Abstract
Extraskeletal osteosarcoma is a malignant tumor of soft tissue characterized by osteoid production and has a very low prevalence, comprising approximately 4% of all osteosarcomas and about 1% of all soft tissue sarcomas, and a total of about 350 cases have been reported until now. Heterotopic ossification is a pathological finding of bony tissue in soft tissue regions such as muscle, skin and subcutaneous tissue. We report a case of an 86-year-old woman with a history of total hip arthroplasty (THA), in which open reduction and internal fixation were done for periprosthetic femoral Fracture. The ossified lesion misdiagnosed as heterotopic ossification initially was diagnosed as extraskeletal osteosarcoma at 6 months after the surgery. Both extraskeletal osteosarcoma and heterotopic ossification have no definite symptoms, but show radiopaque shadows on simple radiograph. Therefore, careful attention and thorough evaluation with multiple imaging tests may be necessary for the differential diagnosis of these entities
Keywords: Heterotopic ossification, Evaluation, Periprosthetic femoral fracture, Extraskeletal osteosarcoma, Misdiagnosis
Extraskeletal osteosarcoma, also known as extraosseous osteosarcoma, is a malignant tumor of soft tissue characterized by osteoid production, and has no connection with bone or periosteum (1). This malignancy is rare compared to skeletal osteosarcoma, accounting for approximately 4% of all osteosarcomas and 1% of all soft tissue sarcomas (2). In contrast to the bone-invading osteosarcoma that commonly affects teenagers and young adults, extraskeletal osteosarcoma occurs predominantly in men and women older than 40 years of age (3, 4).

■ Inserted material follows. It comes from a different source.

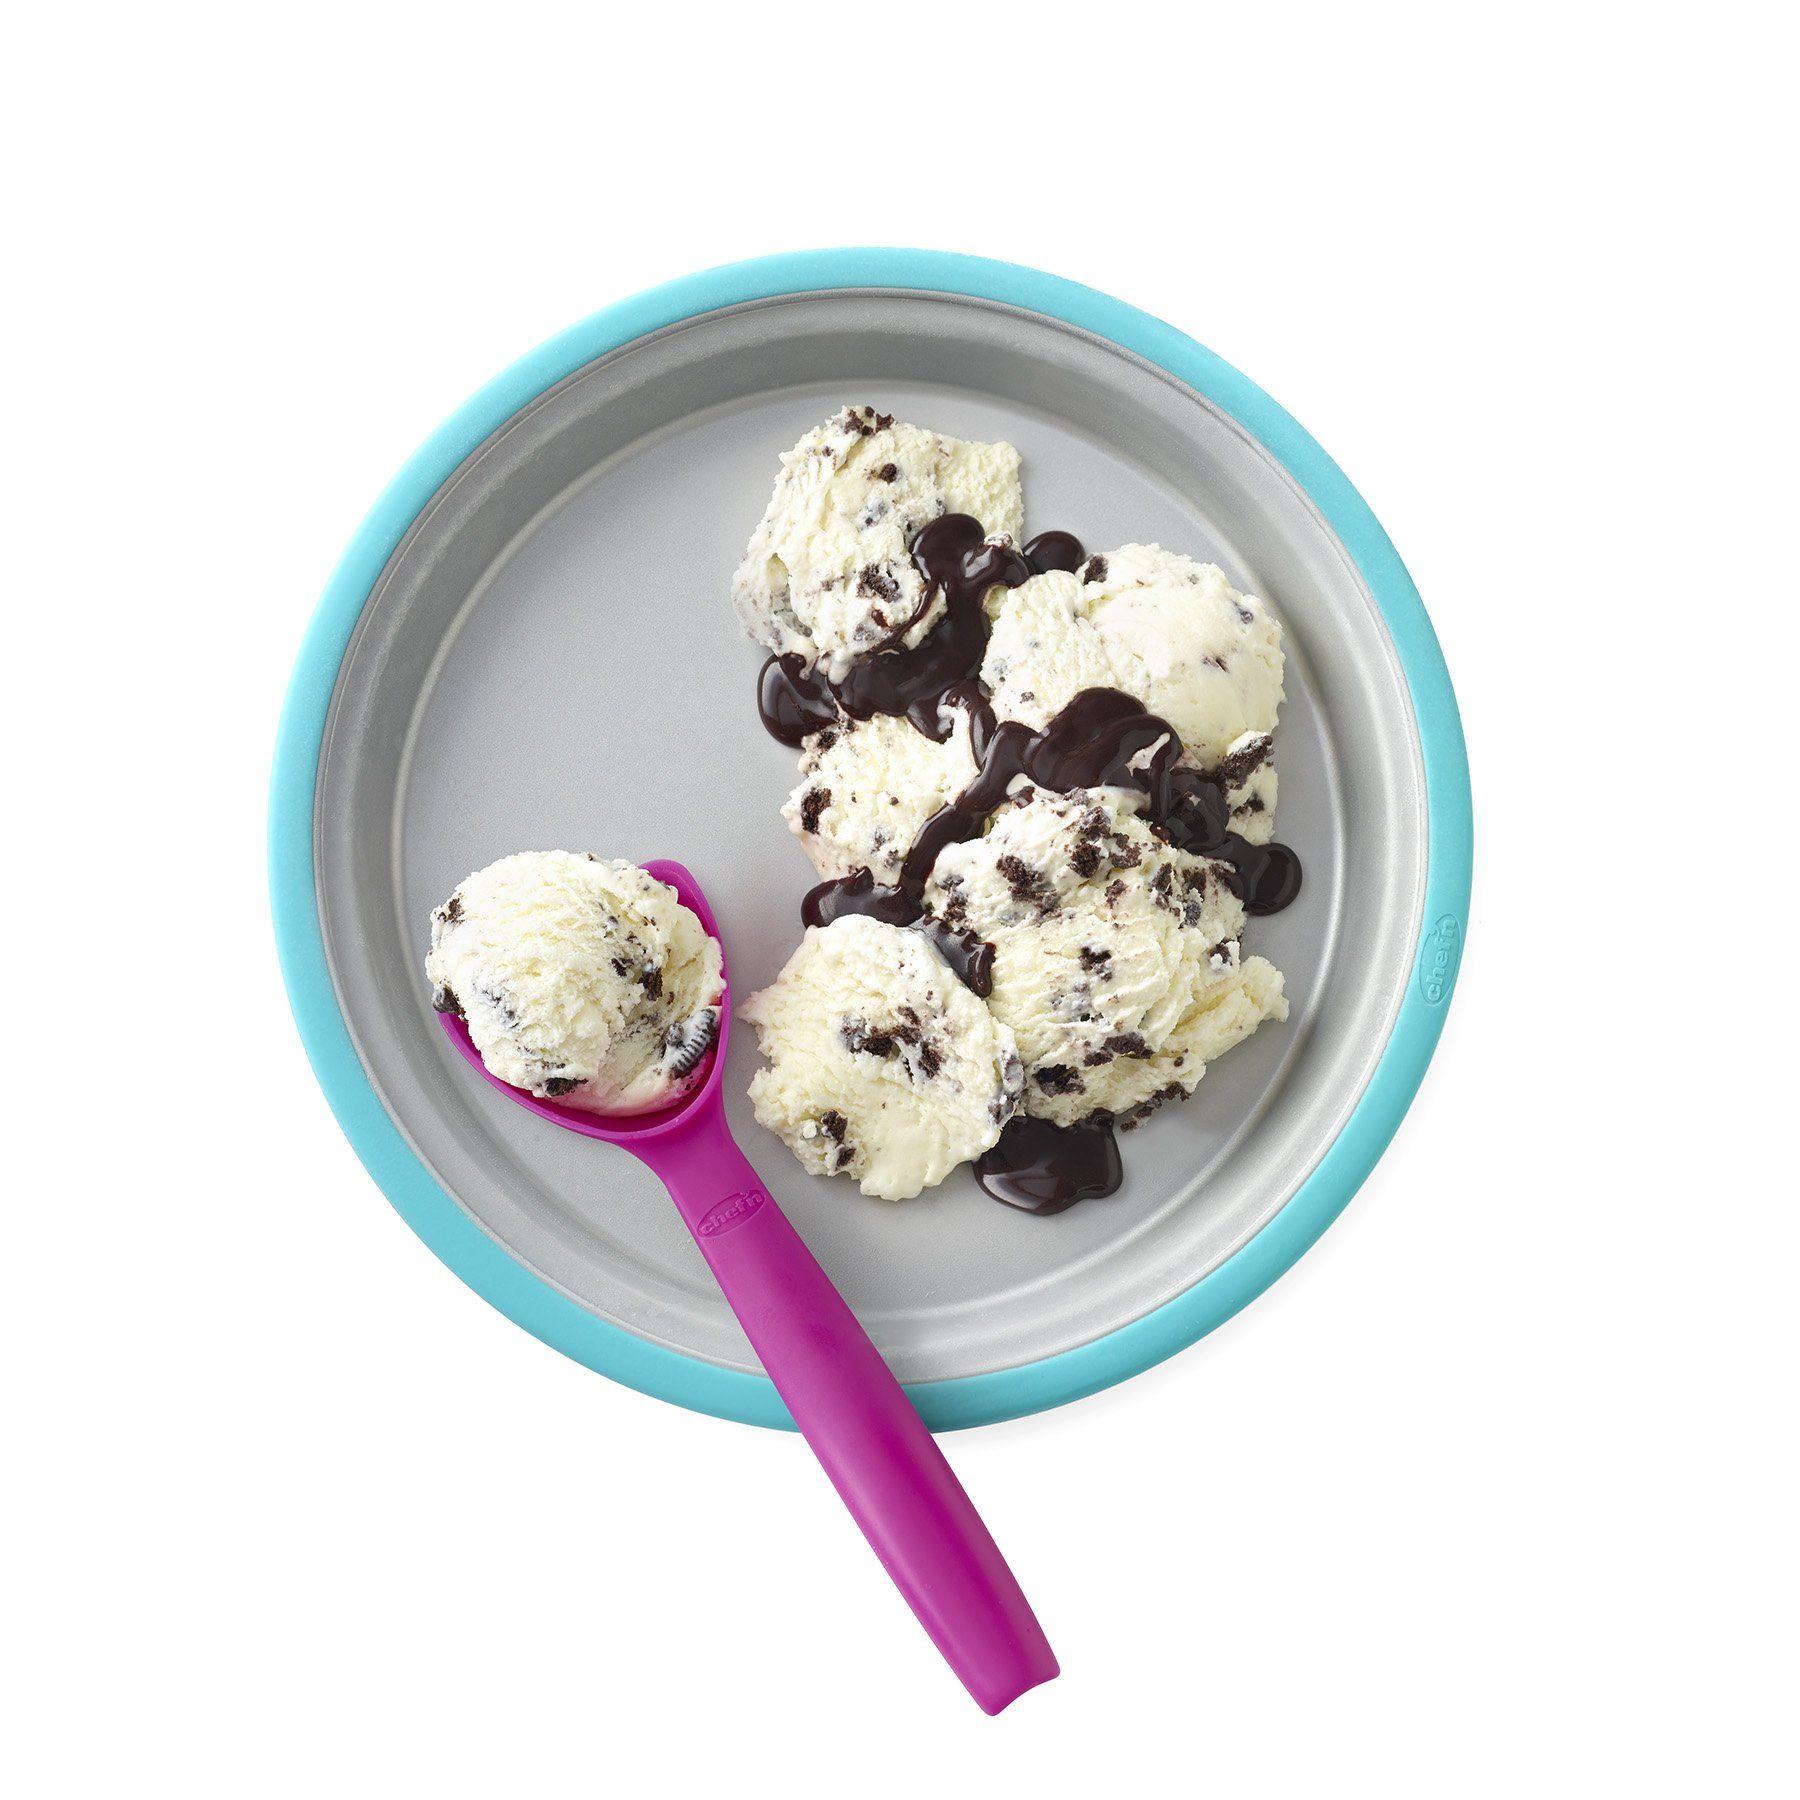 Lagoon Color Chefn Sweet Spot Instant Ice Cream Maker

Heterotopic ossification, also referred to as heterotopic bone formation, is a pathological finding of bony tissue in soft tissue regions such as muscle, skin, and subcutaneous tissue, among others, frequently occurring around joints. To date, the exact mechanism of heterotopic ossification remains unidentified. However, it is related to several factors, including hematoma after soft tissue trauma, injury to the central nervous system, and passive physical therapy to a stiff joint (5, 6).
Both extraskeletal osteosarcoma and heterotopic ossification display no definite symptoms, but produce radiopaque shadows on a simple radiograph. When a radiopaque lesion is observed on a plain radiograph, further evaluation and operative excisional biopsy should be performed if required.
A case involving a patient with a periprosthetic femoral fracture is presented, wherein open reduction and internal fixation were conducted. The case was initially misdiagnosed as heterotopic ossification but subsequently diagnosed as extraskeletal osteosarcoma 6 months after the operation.
Case Presentation
An 86-year-old woman arrived at the emergency department with severe pain in the right thigh, right wrist, and both knees after falling down. The patient had undergone a THA (brand name unknown due to lack of record) of her right hip in another hospital 17 years prior to the presentation described herein. Additionally, she had taken warfarin due to atrial fibrillation. Initial anteroposterior and lateral radiographs after the injury showed a periprosthetic fracture of the right femur (Vancouver classification C), right proximal tibial fracture, left distal femoral fracture, and right distal radial fracture (Figure 1). Subsequently, the patient underwent open reduction and internal fixation for each fracture. The right periprosthetic femoral fracture was repaired with a Non-Contact Bridging (NCB) plate (Zimmer, Warsaw, Indiana, USA) (Figure 2).
Figure 1. a–d.
Preoperative AP radiographs showing a periprosthetic fracture of the right femur (Vancouver classification C) (a), right proximal tibial fracture (b), left distal femoral fracture (c), and right distal radial fracture (d)
Figure 2. a, b.
Postoperative AP (a) and oblique radiograph showing appropriate reduction and fixation (b)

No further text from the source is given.